Thus, Empirical Jury was born. John describes the process as working like a “gig economy.” He will share an ad along the lines of, “be a mock juror and get paid to do it,” and is able to recruit hundreds of workers in one day. The work is all done online in their own time, and costs much less per juror than a traditional focus group. With numbers like that, Michael asks what everyone must be thinking – how representative can your jury pool be? Are the respondents all underemployed young people? John says it’s more representative than you’d think. He explains how many people take online surveys for fun, like playing Sudoku. His participants range between 18-80 years old, very conservative to very liberal, and typically earn up to $150,000 a year.

Michael then inquires about the many “urban legends” of law applied to jurors, specifically are any of them true? The short answer is no, but John dives into some surprising details. The moral of the story is to avoid stereotyping based on factors like race or gender, but to instead focus heavily on their responses to bias questions. A juror who believes the burden of proof is too low for the plaintiff’s lawyer being placed on the jury can have detrimental effects on the outcome of the case.

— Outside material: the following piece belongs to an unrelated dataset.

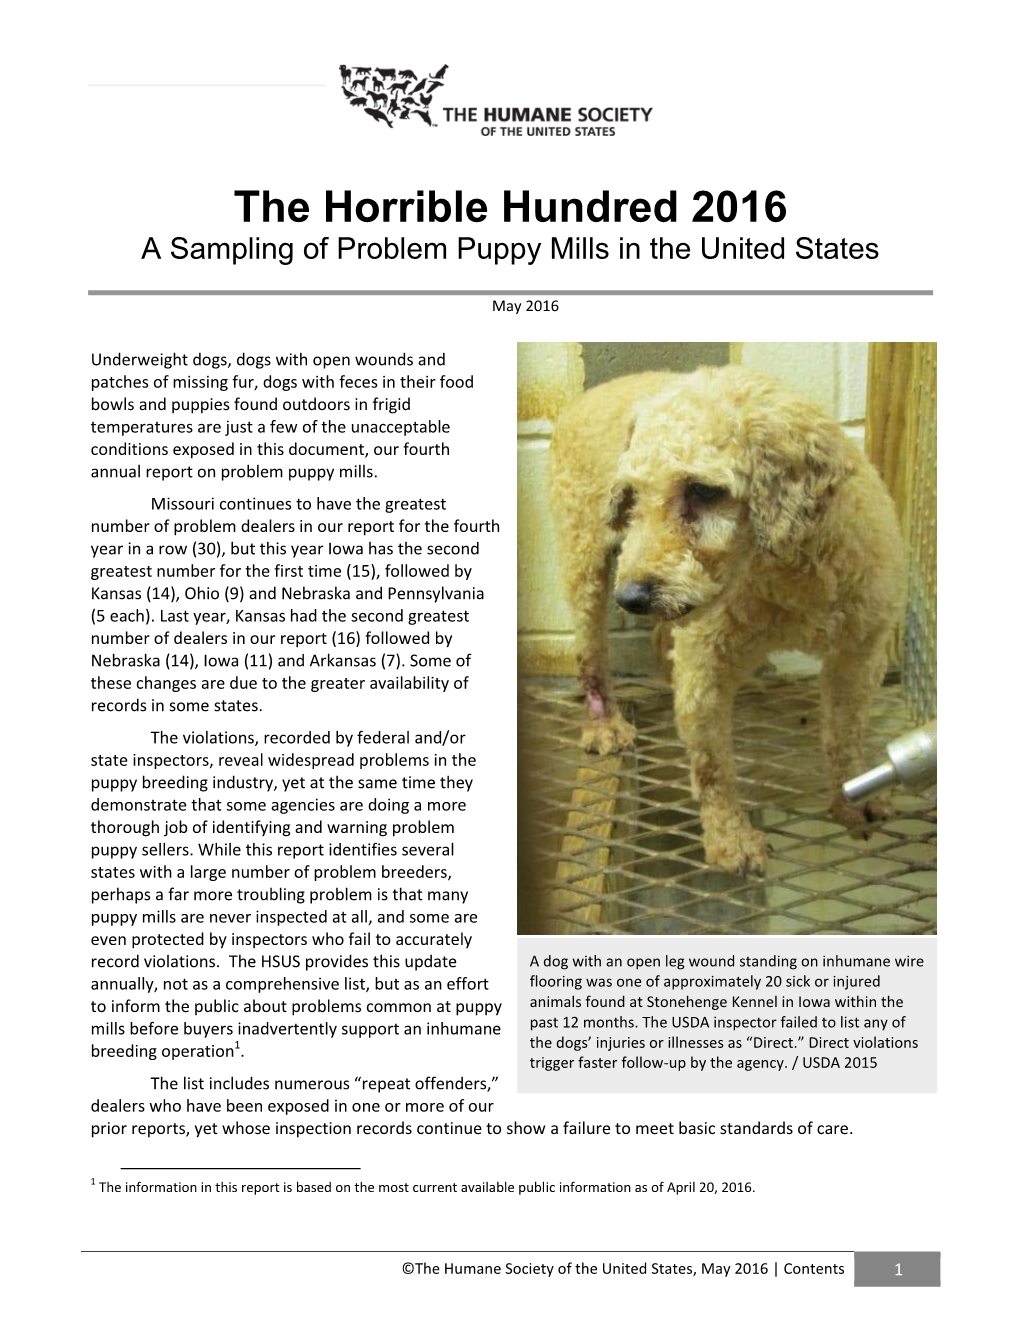 The Horrible Hundred 2016 a Sampling of Problem Puppy Mills in the United States

John goes on to share some of his most interesting findings. The first addresses the idea that if you ask for more, you get more. He has found this to be true based on the anchoring principle, with an interesting caveat – the amount you ask for directly affects liability. Typically, the liability climbs the more you ask for until you hit “the cliff.” He shares a shocking example of this in practice and concludes with, “You’re your own damage cap.”

The conversation shifts to the highly debated topic of COVID-19 and its effects on jury attitudes. John has conducted extensive research on this topic, including a survey of 1,500 jurors asking questions about COVID-19 and trial options. He lists a number of shocking statistics and concludes that to seat a jury today you would have to account for a loss of 50% of jurors before asking a single voir dire question not related to COVID-19. Knowing this information, another vital question remains – do the remaining 50% of jurors skew towards the defense or the plaintiff? John explains how the answer is more complicated than most people think, but goes on to share some in-depth findings which have huge implications for the future of jury trials.

John continues by describing another study he conducted where he asked 1,200 jurors how they would prefer to participate in a jury, including a variety of in-person and virtual options. The respondents had a surprising favorite – the option to watch the case via video recording from home, on their own time. While this may sound far-fetched, John describes a series of strategies which could be used to make this a success.

With virtual trials becoming a new possibility, many plaintiff’s lawyers are wondering if a jury can award a big damage verdict without attending the trial in person. With an absence of body language or eye contact, will damages decrease? John doesn’t think so. He cites multiple studies he has conducted in the past where he’s been able to predict huge verdicts within 10% of the actual verdict. He believes if you show jurors real evidence such as day in the life videos, jurors take that seriously and award damages accordingly. He compares this to watching a movie and crying, to which Michael adds, “You just have to change the presentation.” Michael and John both agree that lawyers may have to go to trial this year whether they want to or not, and they reflect on the best strategies lawyers who face this should take.

Another concern commonly noted by plaintiff’s lawyers faced with the possibility of a trial in the era of COVID-19 is if jurors are forced to attend court in person, do they blame the plaintiff because they filed the lawsuit? While some early research indicated they may, John has not found this to be true. His research showed jurors blame the plaintiff and the defense in equal numbers, but the most common answer was, “I don’t blame anyone. I understand this has to happen.” John summarizes the COVID-19 effect on jurors by stating, “While there are some effects on who will show up for jury duty, what we don’t see is a blame for the plaintiff’s attorney.”

This podcast also covers the role of traditional focus groups, using instincts in trial, jury consultant costs, the Fusion Effect, jury attitudes towards medical malpractice cases, how to test if online jurors are paying attention and if their responses should be accepted, what the defense already does with big data, and so much more.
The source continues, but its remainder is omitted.